Теперь, конечно, причина другая: вокруг него так много лжи, и эта ложь всё сгущается и сгущается… Да, с Яшей… Это была идея Алеши привезти Яшу в Москву, но хитрая Мария Анисимовна совсем не хотела портить себе жизнь заботами о трудном подростке, и Яша оказался в их крошечной квартире в Кремле. Жуткий чугунный коридор, она писала слезливое письмо, кажется, Свердлову дали что-то получше, но ненамного, потому что Яша спал за занавеской. Иосиф злился, накалялся, она видела это и… «не видела» до тех пор, пока Иосиф не застал их на кухне: она помогала Яше делать уроки. И вправду ученье давалось Яше с трудом, а безумная любовь бабушки Кеке сделала его большим лодырем.

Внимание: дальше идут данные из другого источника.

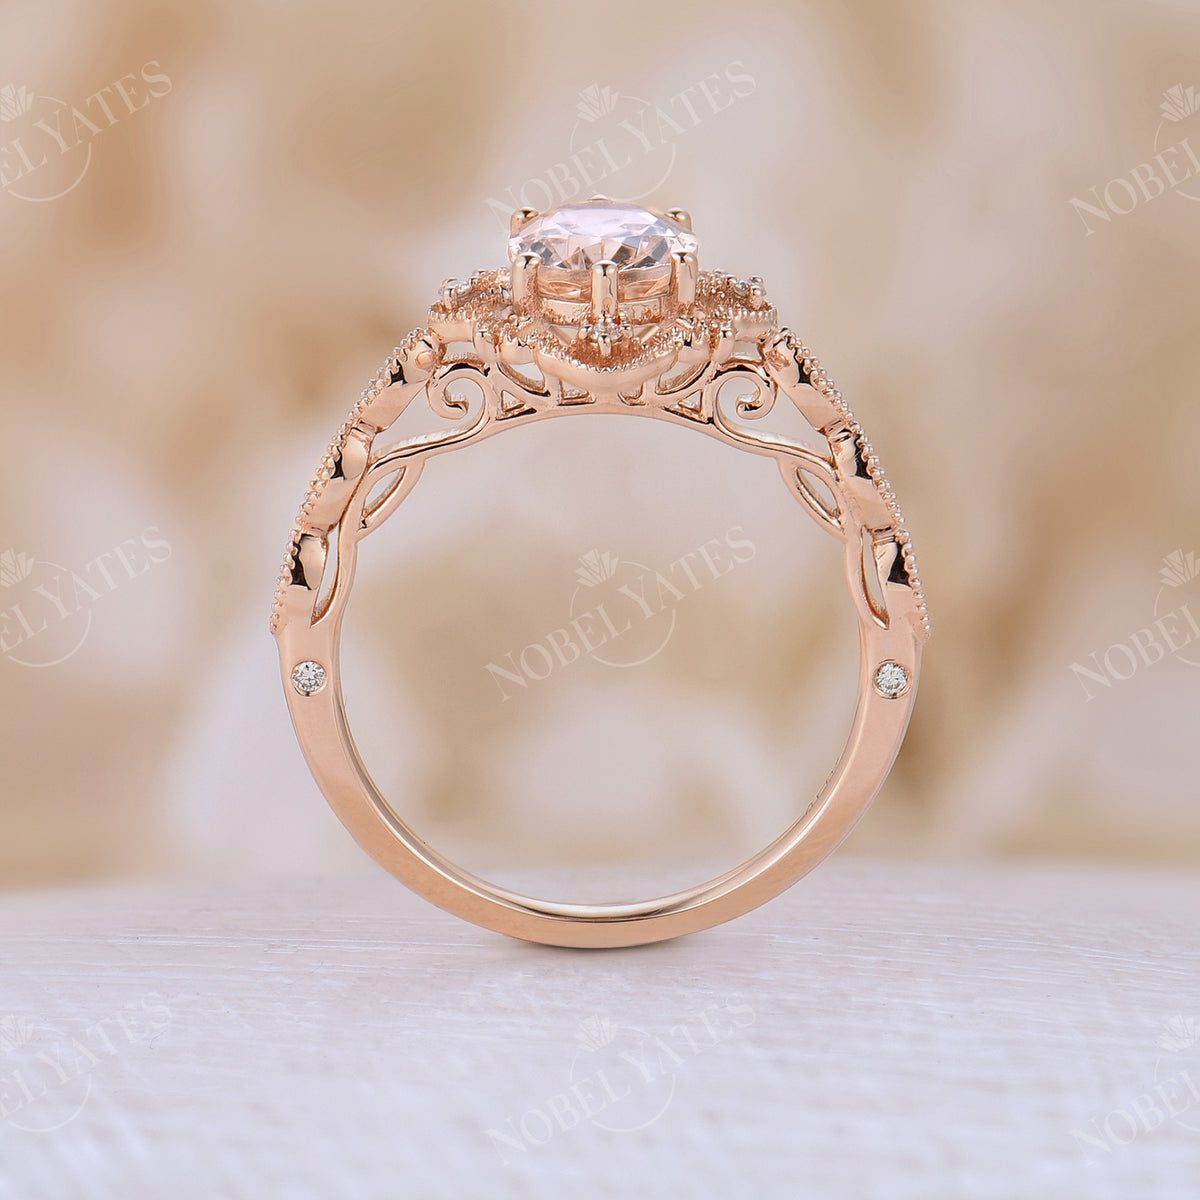 Vintage Orange Pink Morganite Engagement Ring Milgrain Rose Gold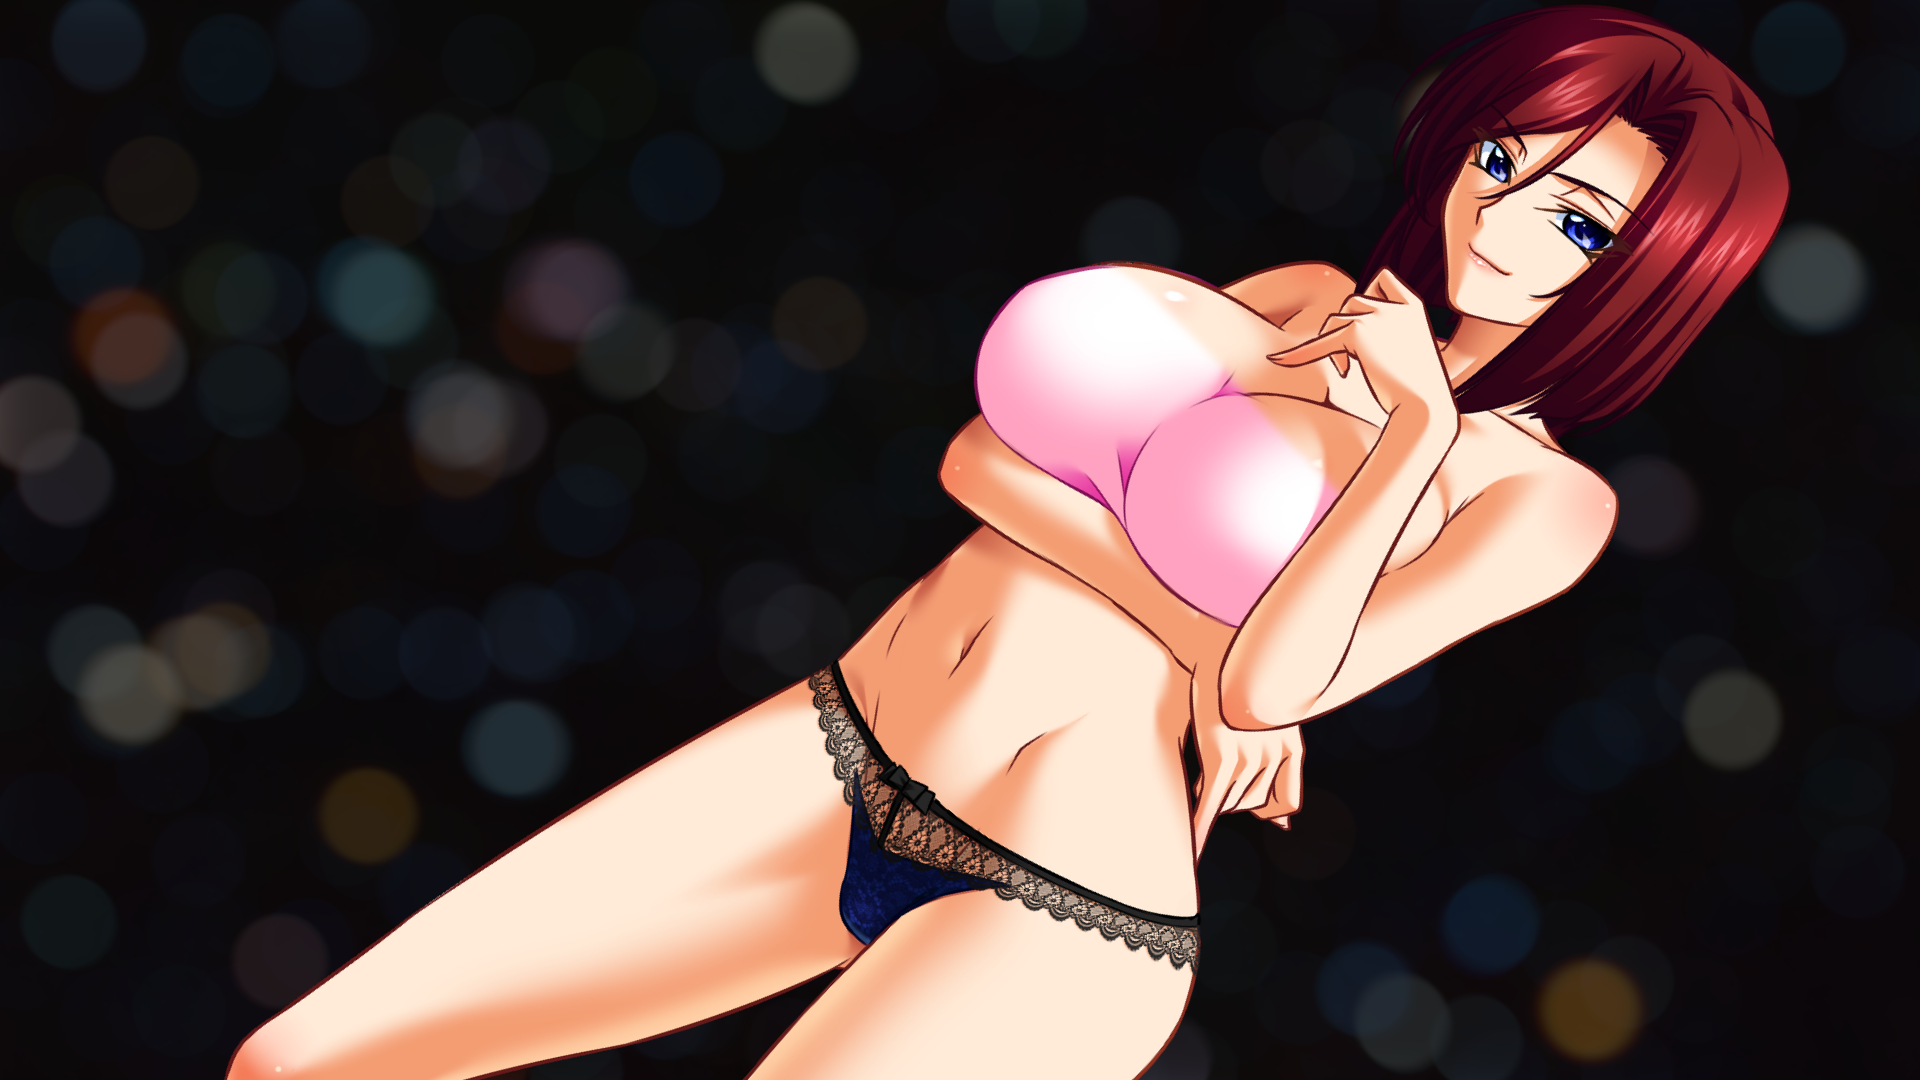 Anime 1920x1080 kagami boobs big boobs huge breasts anime girls anime redhead panties blue eyes lace underwear

Иосиф прошёл через кухню шагом командора, кажется, никогда его сапоги не издавали такого угрожающего скрипа. Через минуту её вызвали в кабинет (Яша посмотрел испуганно и чуть дотронулся до её локтя с робким ободрением).
Первый раз на вопрос о Яше ответила что-то вроде того, что с ним ощущает себя самой собой, к нему — теплота безмерная. А как иначе он — сирота, вырос без матери, человек застенчивый, мягкий, добрый, ласковый, ему трудно — живёт с мачехой, Вася к нему ревнует, мучает его…
Вот «ласковый» было лишнее. Он тогда впервые назвал её блядью, такой же как мать. Потом в двадцать пятом, Якову восемнадцать, ей — мачехе — двадцать четыре, Яков спит на черном клеёнчатом диване за занавеской. Разговор начался с того, что она предложила перевести Якова наверх в мезонин, в крошечную комнатку в конце коридора.
Как всегда, первая реакция спокойная, а вечером оскорбительное «Поближе к себе?» Он отдернул занавеску, скинул с дивана постель на пол, рылся в тумбочке, сдирал простыню. Яша стоял в бязевой рубашке, бледный, ничего не понимая, охваченный ужасом. Что он искал? Любовные записки? Её бельё? Безумие.
Тогда с ней впервые случился приступ горячки, и тех странных видений, которые преследуют и поныне.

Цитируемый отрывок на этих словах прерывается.